(DIRECTIONS): The required output is the lines of the listing from the beginning through the line containing "Graftobian Graftobian Glitter Gel", each copied exactly, without any pictures.

*** DATASET EXCERPT ***

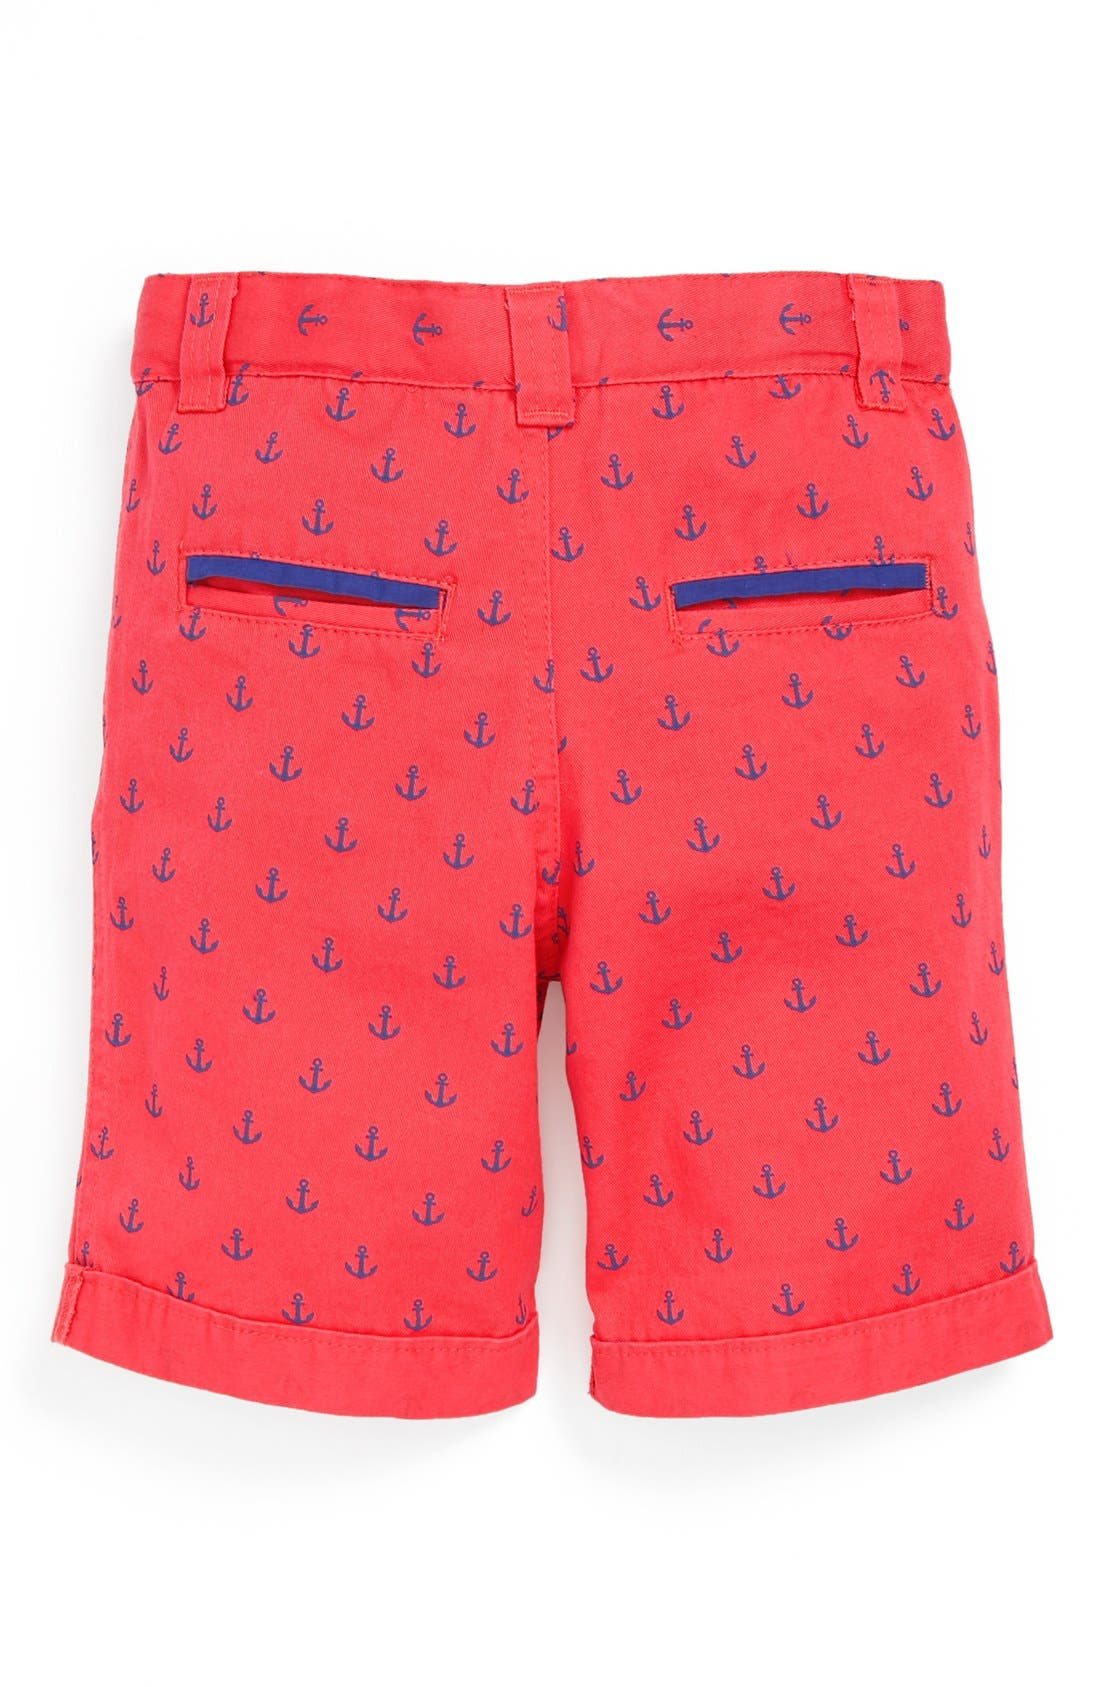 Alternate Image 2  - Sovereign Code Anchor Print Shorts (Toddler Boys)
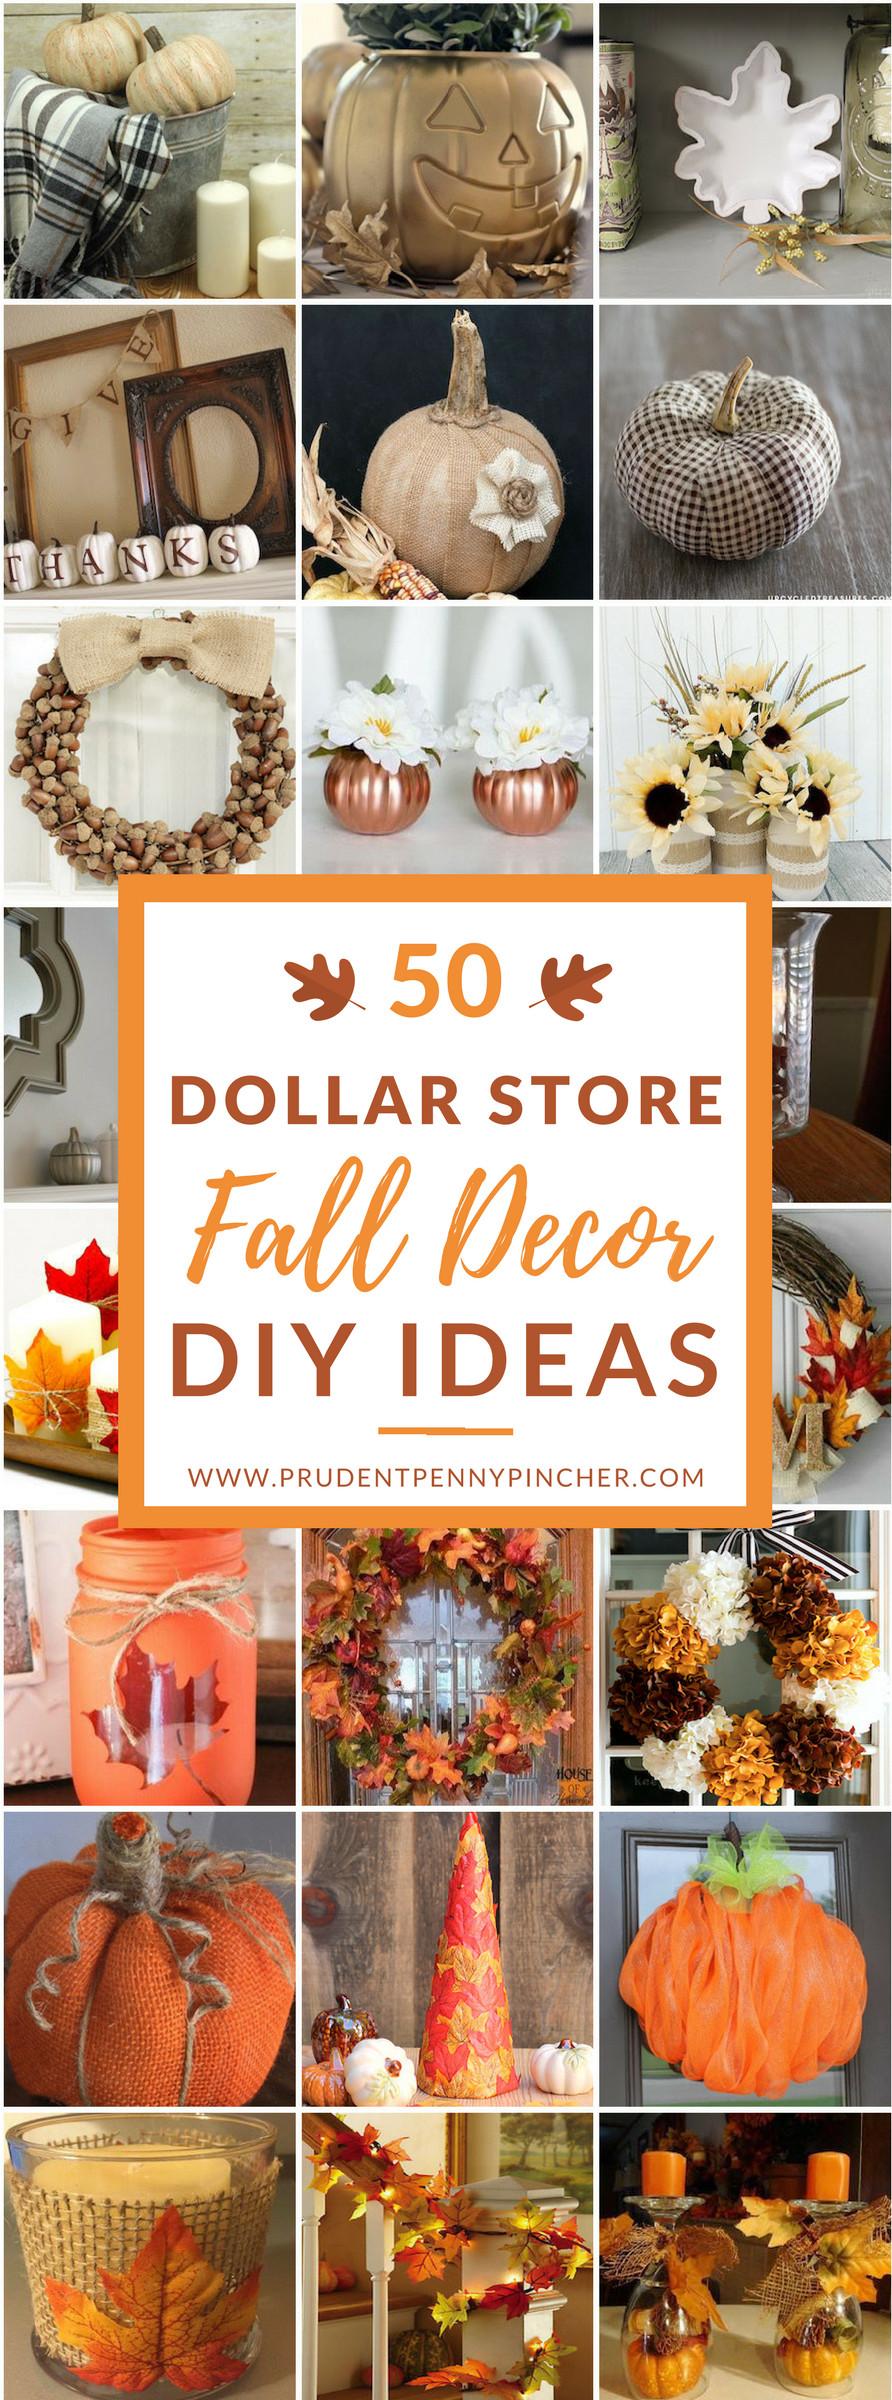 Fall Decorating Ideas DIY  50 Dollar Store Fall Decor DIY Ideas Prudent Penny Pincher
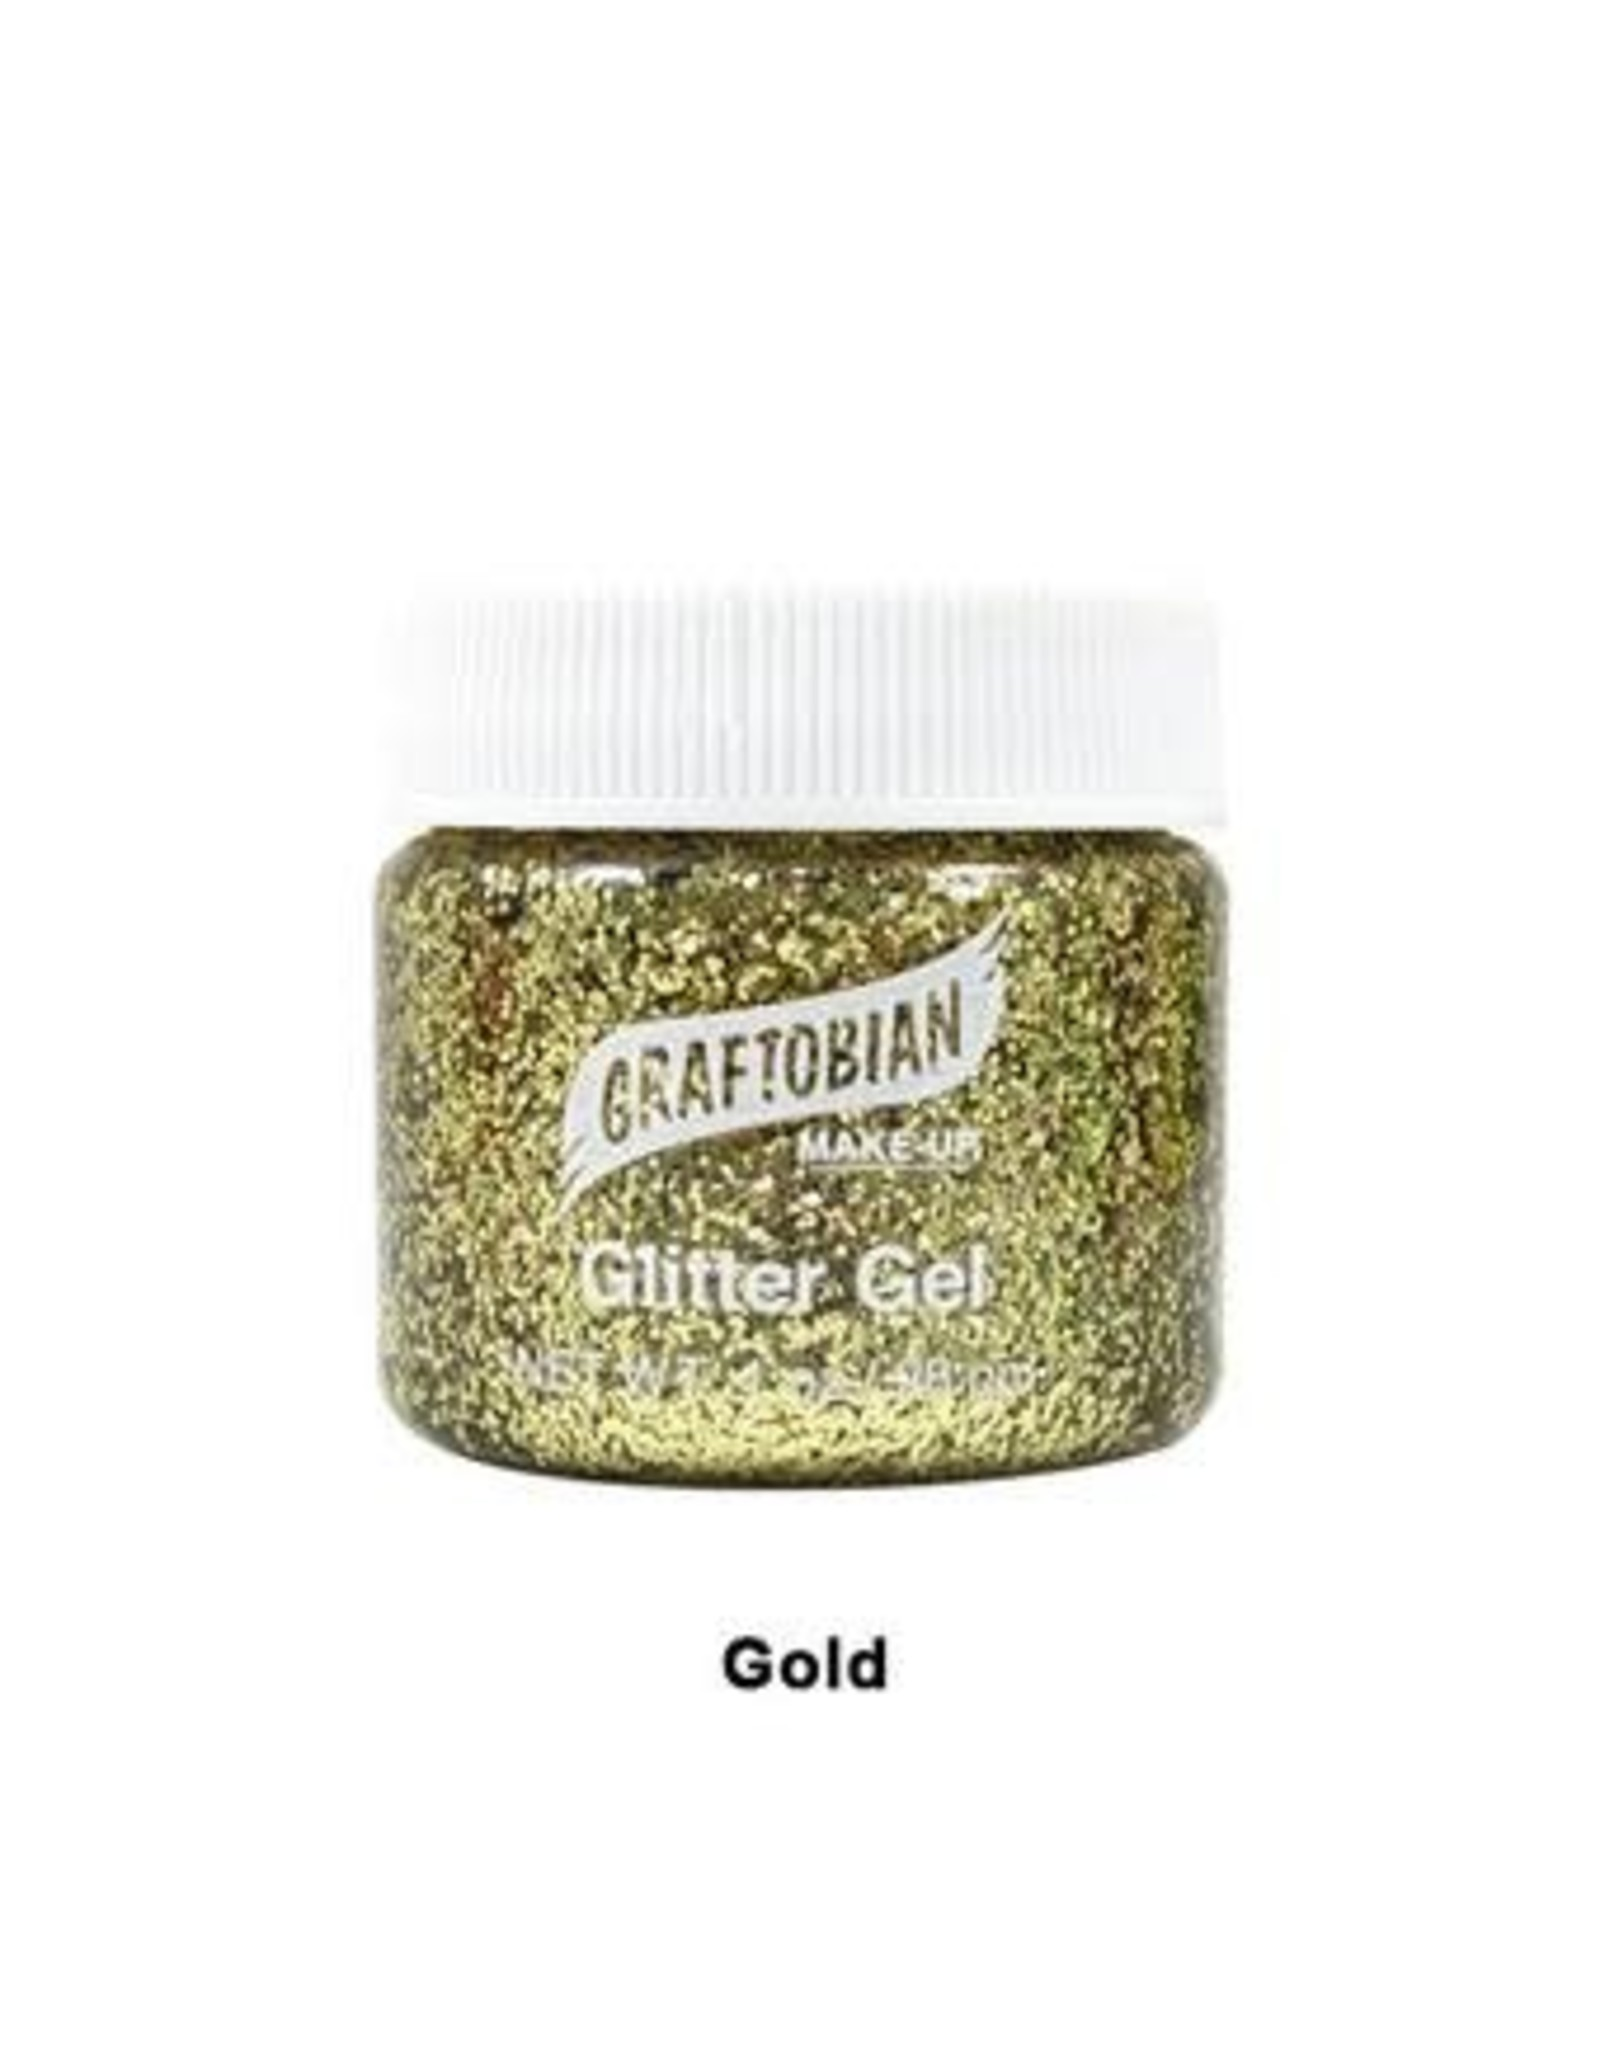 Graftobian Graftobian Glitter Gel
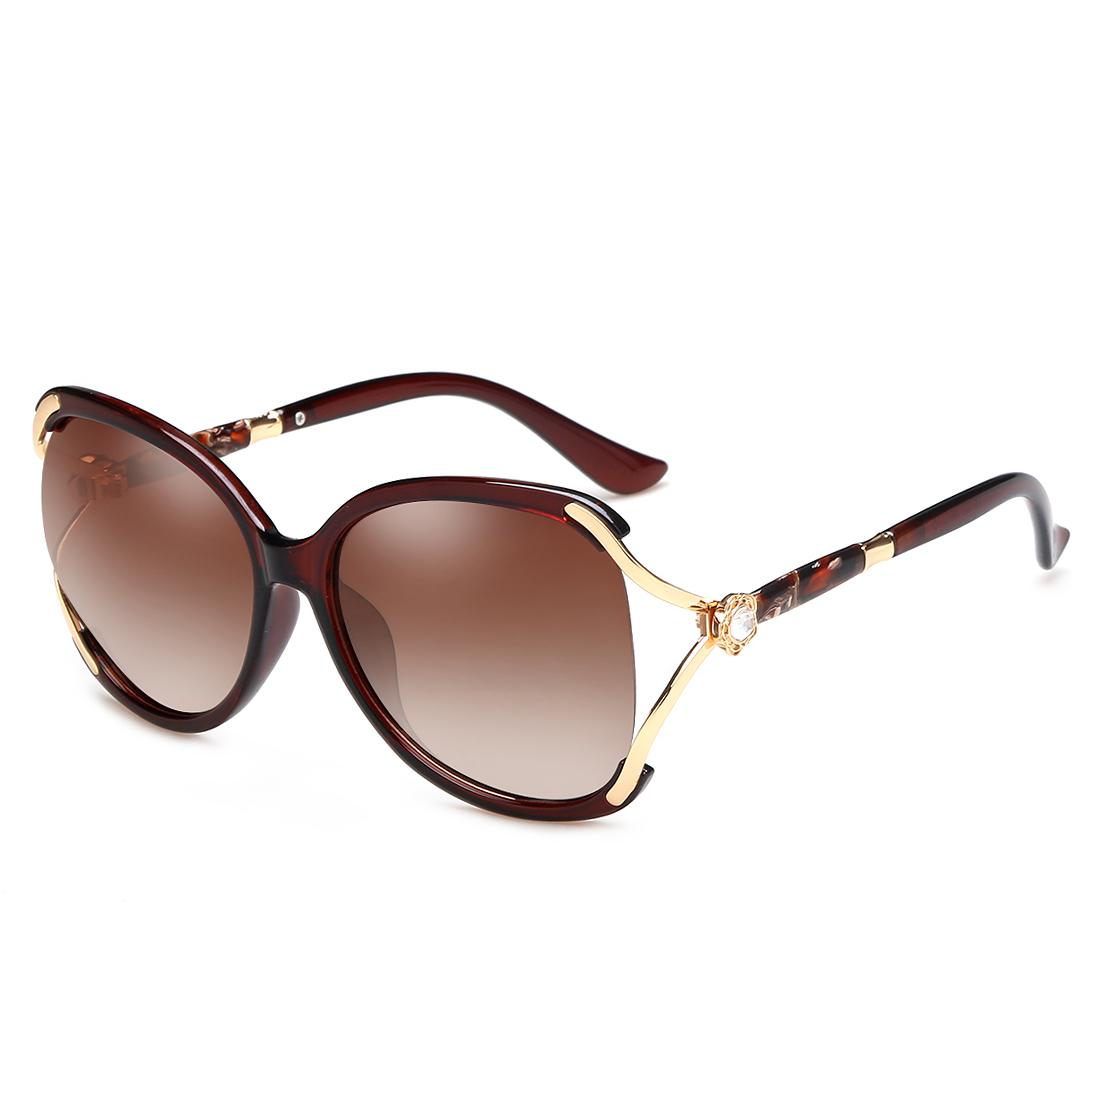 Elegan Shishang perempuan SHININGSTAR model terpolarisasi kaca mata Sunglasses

*** End of DATASET EXCERPT ***

(TASK ANSWER):
 Alternate Image 2  - Sovereign Code Anchor Print Shorts (Toddler Boys)
 Fall Decorating Ideas DIY  50 Dollar Store Fall Decor DIY Ideas Prudent Penny Pincher
 Graftobian Graftobian Glitter Gel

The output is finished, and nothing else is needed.